После этого Андрей еще несколько раз наливал себе по полрюмочке (быть пьяным, хмельным он не любил, а сейчас, после стольких ранений и контузий так и опасался), неспешно, как и полагается на празднике, выпивал, но уже без всяких тостов, в молчании и тишине. Точно так же, тихо и молча, выпивал и его сотрапезник, отставлял рюмку в сторону и пристально смотрел Андрею в глаза. Уйти от этого взгляда было никак невозможно, да Андрей и не хотел уходить: глаза были голубые, по-детски наивные, как будто его новый товарищ ничего не пережил и не испытал в своей жизни: ни измен, ни предательств, не видел ни смертей, ни крови, а с самого рождения и до нынешнего своего уже немолодого возраста жил лишь среди верных, надежных друзей в родительском доме, и ему даже неведомо, что значит предательство, кровь и гибель. Андрей вознамерился было спросить его, так ли это на самом деле, или он что-то скрывает, таит, боясь испортить Андрею праздничное настроение (ведь так мирно и счастливо проживших свою жизнь, людей, наверное, не бывает), но потом сдержался, действительно не желая омрачать себе праздник. Как-нибудь потом, в другой раз, на трезвую голову они обо всем поговорят и все выяснят.

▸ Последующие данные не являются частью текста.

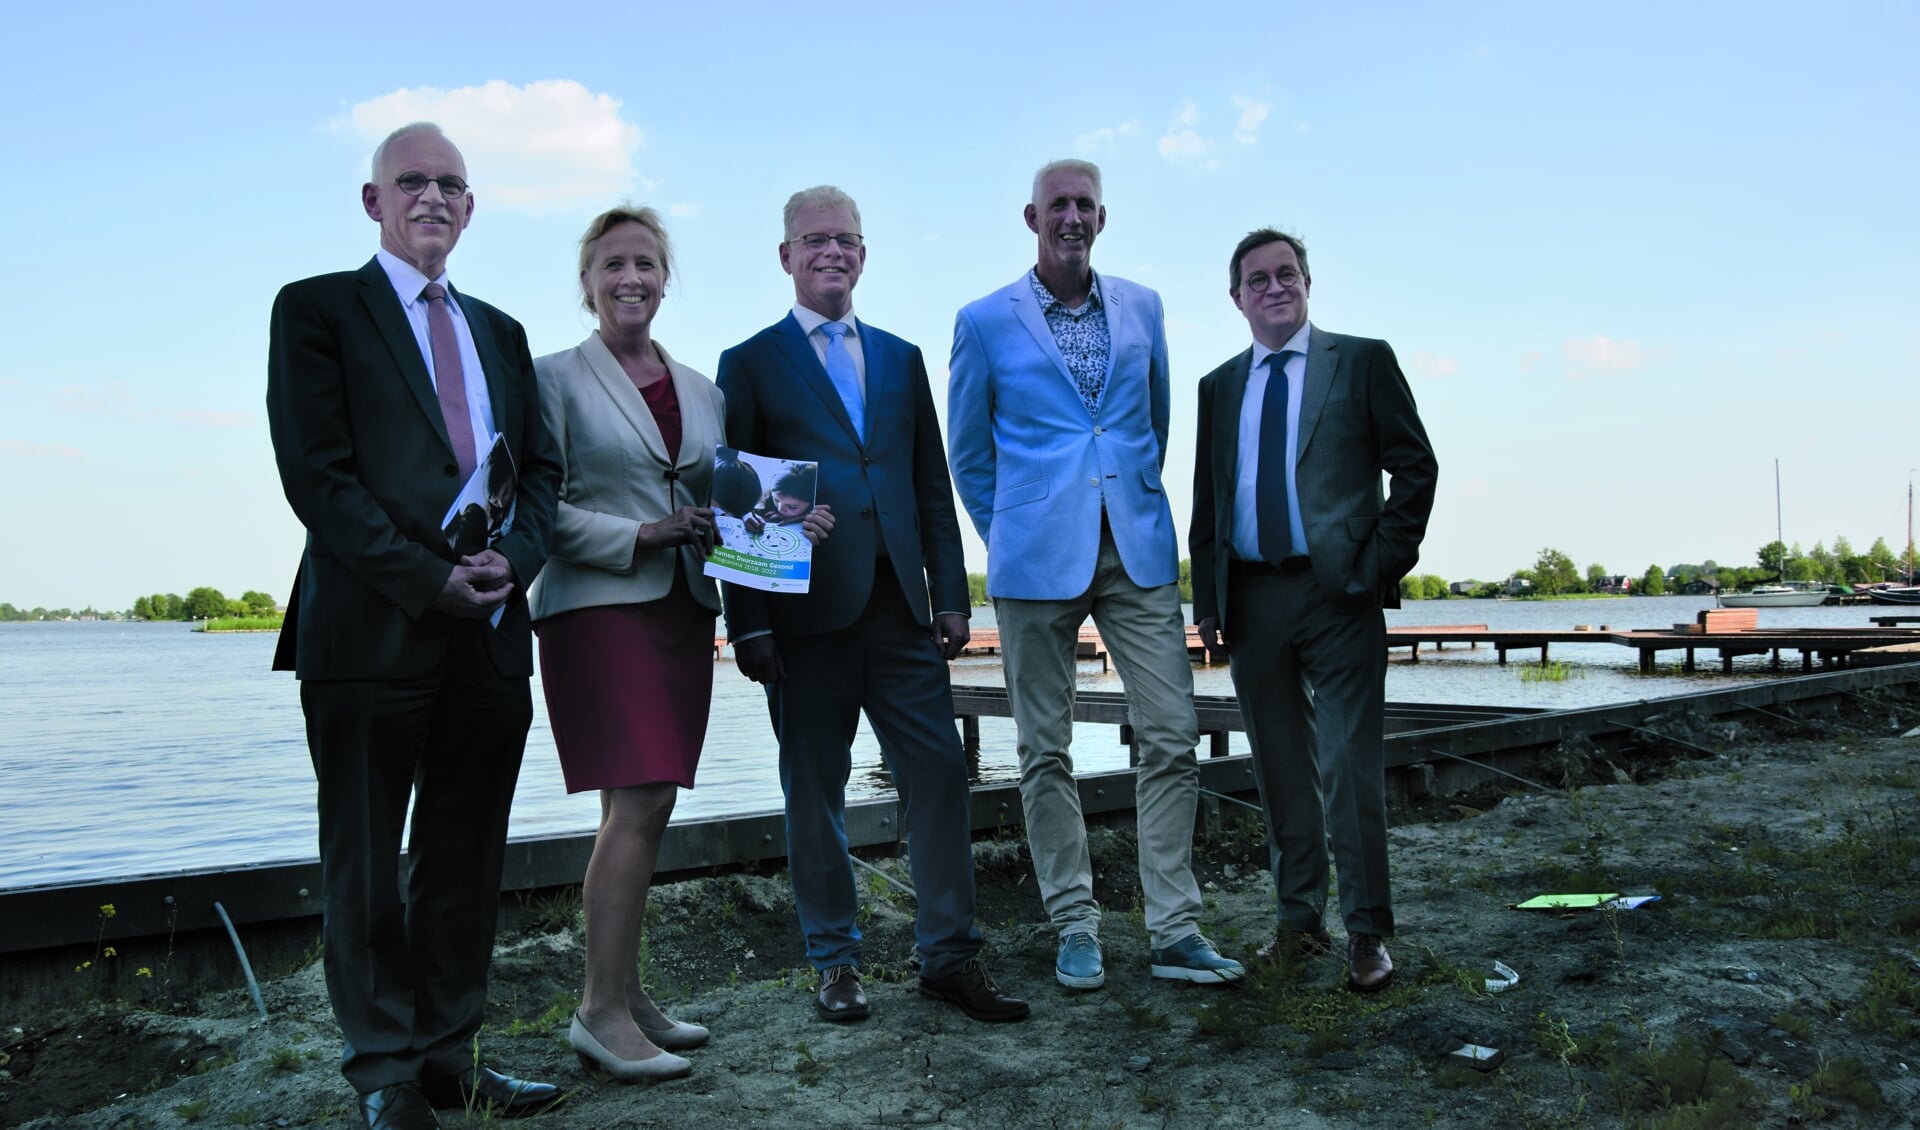 De wethouders van het nieuwe college: Kees Oskam, Inge Nieuwenhuizen, Dirk-Jan Knol, Robèrt Smits en Jan Leendert van den Heuvel

Оставив своего молчаливого собеседника за столом, Андрей достал сигарету и вышел на крылечко покурить. Он занял место на самой нижней, заметно уже подгнившей ступеньке, глубоко затянулся и вдруг почувствовал во всем теле да, кажется, и в помягчевшей душе такую истому и отдохновение, каких не испытывал уже много лет, с тех самых дней, как уехал отсюда, из Кувшинок, в дальние свои странствия. И так же вдруг Андрей вспомнил (не мог не вспомнить) все свои детские вечера, проведенные на этом крылечке вместе с отцом и матерью. Каким-то причудливым, невозможным образом они слились в один-единый вечер, долгий и нескончаемый, длящийся до сегодняшнего дня.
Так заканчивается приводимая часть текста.